# Maths functions

The following Maths Functions come bundled with RiskScape for use in your function.

## Built-in maths functions

RiskScape comes with a set of default functions that are useful for doing mathematics in the context of RiskScape and Risk Analysis. They are used like any other RiskScape function. For example, to round a floating point number, you can use the `round` function like `round(-34.23)`.

Where possible, RiskScape makes use of maths packages that are part of the Java language. These packages are widely used and are proven to produce reliable mathematical results. For example, the `square_root()` RiskScape function is just a simple ‘wrapper’ for the Java `Math.sqrt()` function.

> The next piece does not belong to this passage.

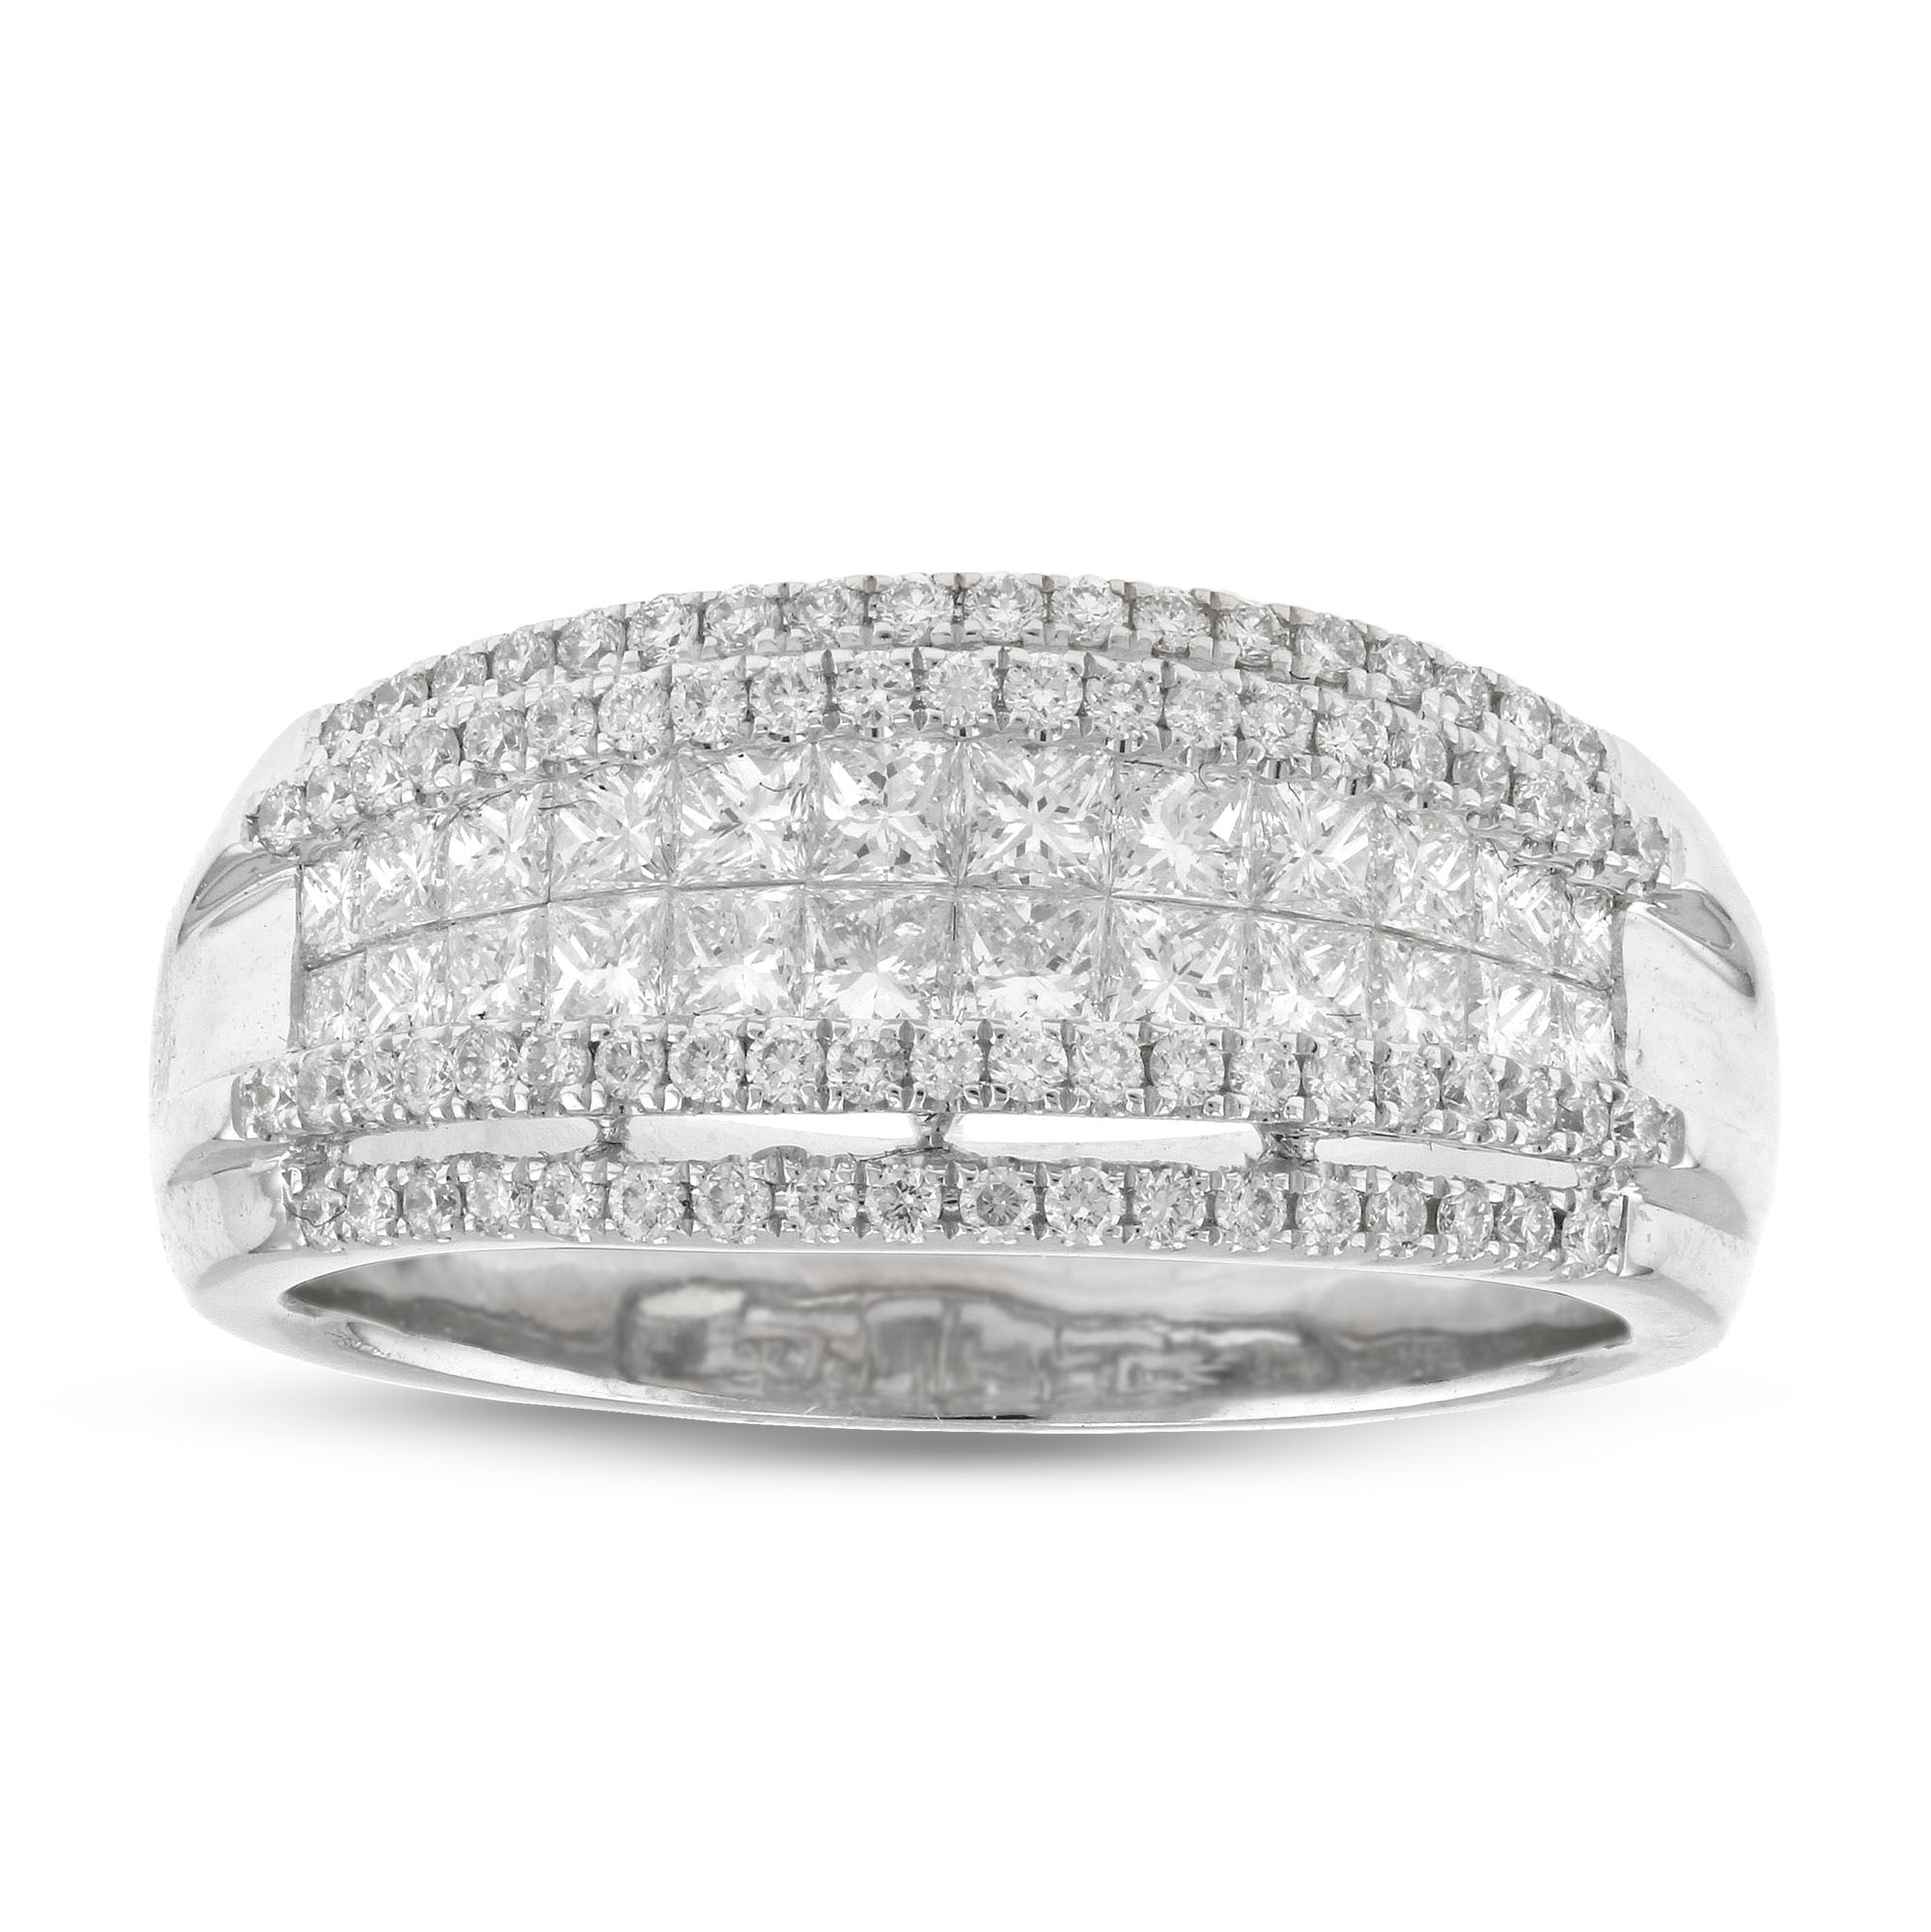 View 1.07ctw Fashion Band in 18k White Gold

More specific help for all these built-in functions is available from RiskScape’s built-in help. From the command line, you can use `riskscape function list` to see what functions are available, the arguments each function takes, and what they return. To list the maths functions available in RiskScape, run `riskscape function list --category maths`.

`abs`

Gives the absolute value of a number

`ceil`

Round number up to the closest integer

`exp`

Returns Euler’s number (e) raised to the power of the value given. The inverse of log()

`float`

Convert input to a floating point number

`floor`

Round number down to the closest integer

`int`

Convert input to a integer number

`log`

Return the logarithm of a number for a particular base, defaulting to natural log if none given

`log10`

Returns the base-10 logarithm of the given value

`lognorm_cdf`

Cumulative probability distribution function from a log-normal curve. Where shape is σ (standard deviation) and scale is μ (mean), both as the log of the distribution.

`lognorm_pdf`

Probability Density Function (PDF) for a given point in a normal distribution. Where shape is σ (standard deviation) and scale is μ (mean), both as the log of the distribution.

`max`

Returns the greater of two values given

`min`

Returns the smaller of two values given

`norm_cdf`

Cumulative probability distribution function from a normal curve

`norm_pdf`

Probability Density Function (PDF) for a given point in a normal distribution

`polynomial`

Computes a polynomial expression, denoted by the set of coefficients ‘c’ (starting at x⁰, x, x², etc)

`pow`

Raise a number by a specific power

`random_choice`

Picks an item from the list at random, or with an optional weighted probability

`random_norm`

Returns a random number from the given normal distribution

`random_uniform`

Returns a random number within the range [start, stop]

`round`

Round number to the closest integer

`square_root`

Get the square root of the given number

## Jython discrete functions

Note

The following sections describe using RiskScape-based code from within a Jython function. Most Python users will probably find it simpler to setup RiskScape to use CPython and use standard Python maths packages instead.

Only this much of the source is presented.